The DOD and VA have created a joint vision registry with the goal of improving service member and veterans’ outcomes by the prevention, diagnosis, mitigation, treatment and rehabilitation of disorders of the visual system. The registry is designed to track and optimize outcomes by utilizing data abstraction (from multiple sources), analysis, research, and statistic prediction. Knowledge Analytics Incorporated (KAI) was tasked to develop an idealized, semantically-enabled information model to support the abstraction of clinical medical information of eye injury patients. Abstracted data is stored into a computable database called the Defense and Veterans Eye Injury and Vision Registry (DVEIVR) Pilot and VA Eye Injury Data Store. The idealized information model/ontology is being developed using KAIs analytical tool suite which allows subject matter experts (SME) to independently specify ontological types, meanings, and relationships. The tool suite allowed: 1. SMEs to define the information model/ontology using types and value sets. 2. Compile this model into a programming implementation (Currently Java) 3. Create instances of the model types (i.e.

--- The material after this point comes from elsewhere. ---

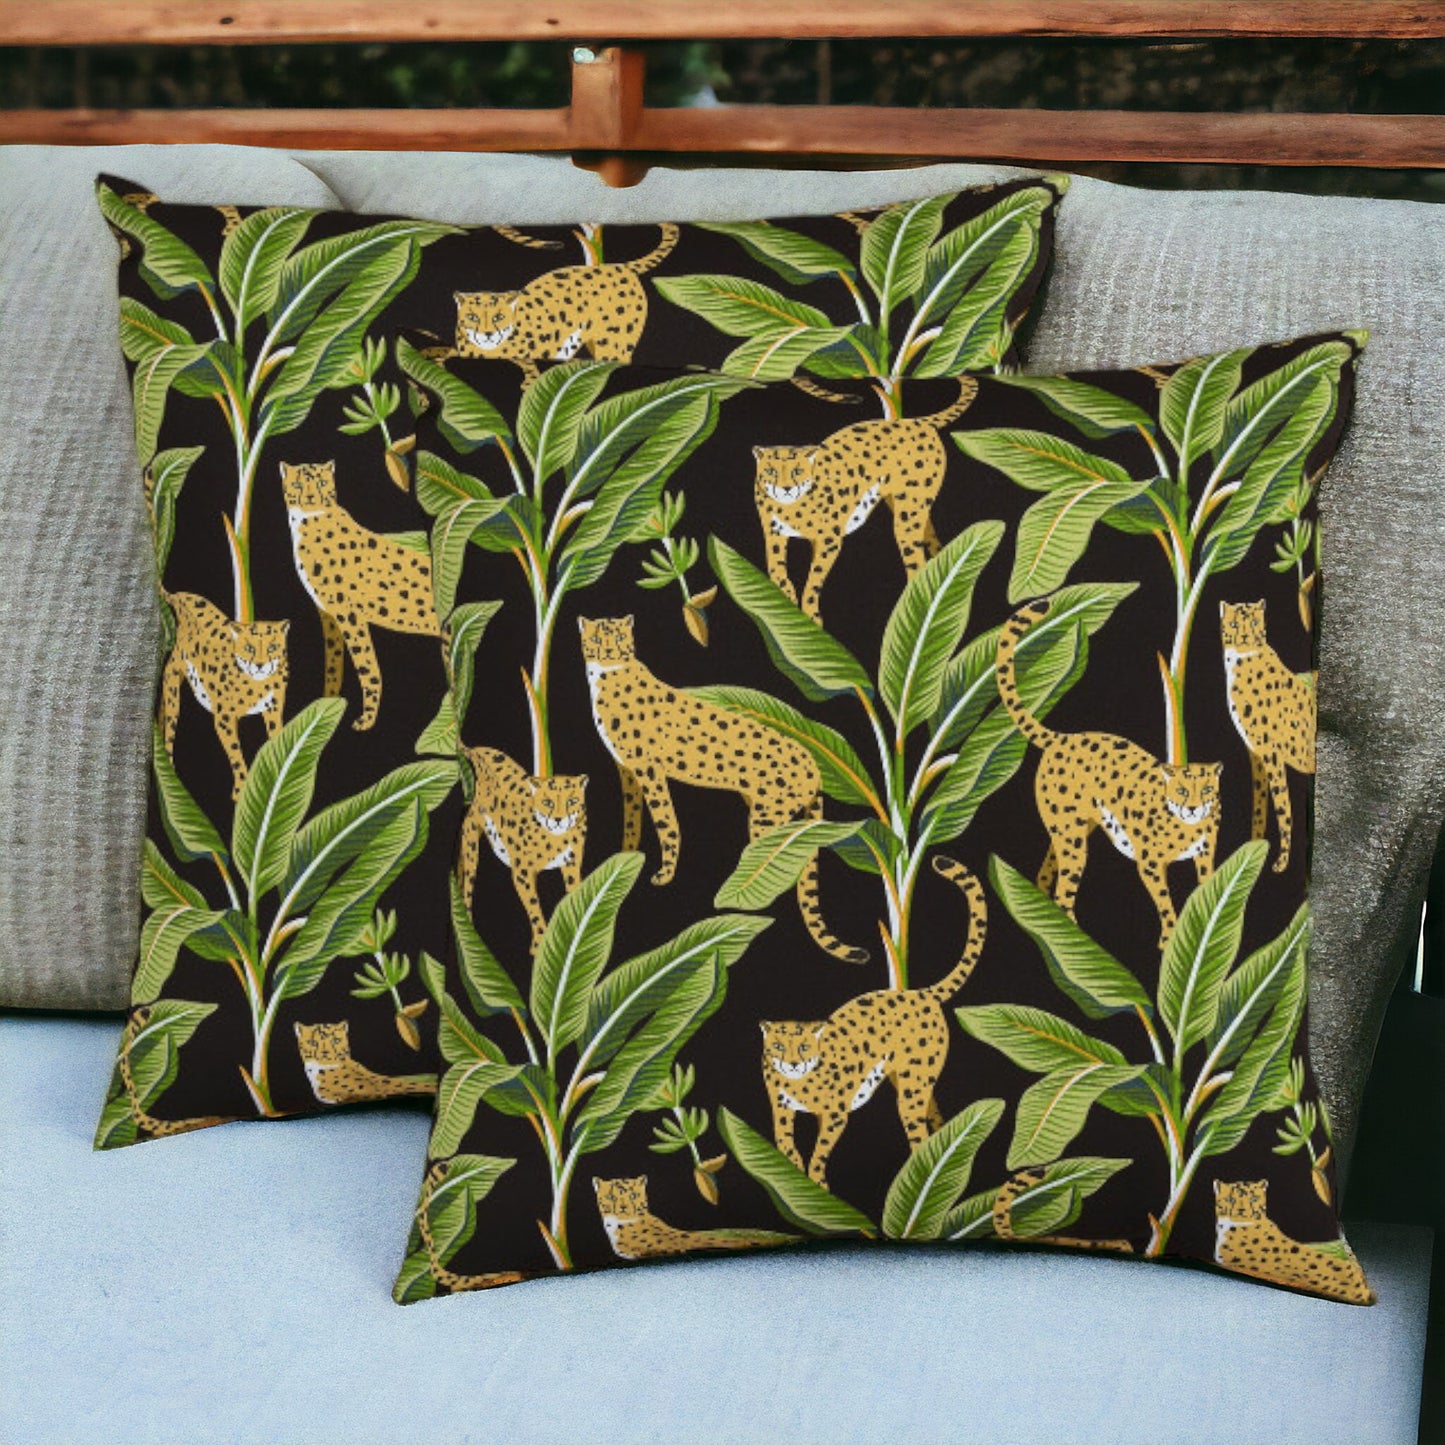 Set of Two 22" X 22" Green and Black Indoor Outdoor Throw Pillow Cover & Insert

Patient with an Ocular Trauma). 4. Perform analytics on the set of patients (Registry) using operational rules or statistical analysis (R Statistical Package).

propecia online canada
weight loss supplements that actually work
vytorin cost
viagra without prescription
singulair medicine
synthroid 100 mcg
gabapentin 100mg
cialis without a prescription
blood pressure medicine lisinopril
how to lose fat fast
where to buy viagra pills
tamiflu medicine
стрижки на средние волосы с челкой
crestor dosage
discount prescription drugs
app collaboration
buy cialis online safely
software collaboration

Included in the development of the idealized information model, KAI focused its efforts on the specification of Interocular Foreign Bodies (IOFB) within the model, as well as IOFB material properties. Also included in this task was the specification and use of the RxNORM drug ontology and use of drug categories for the purpose of improving outcomes.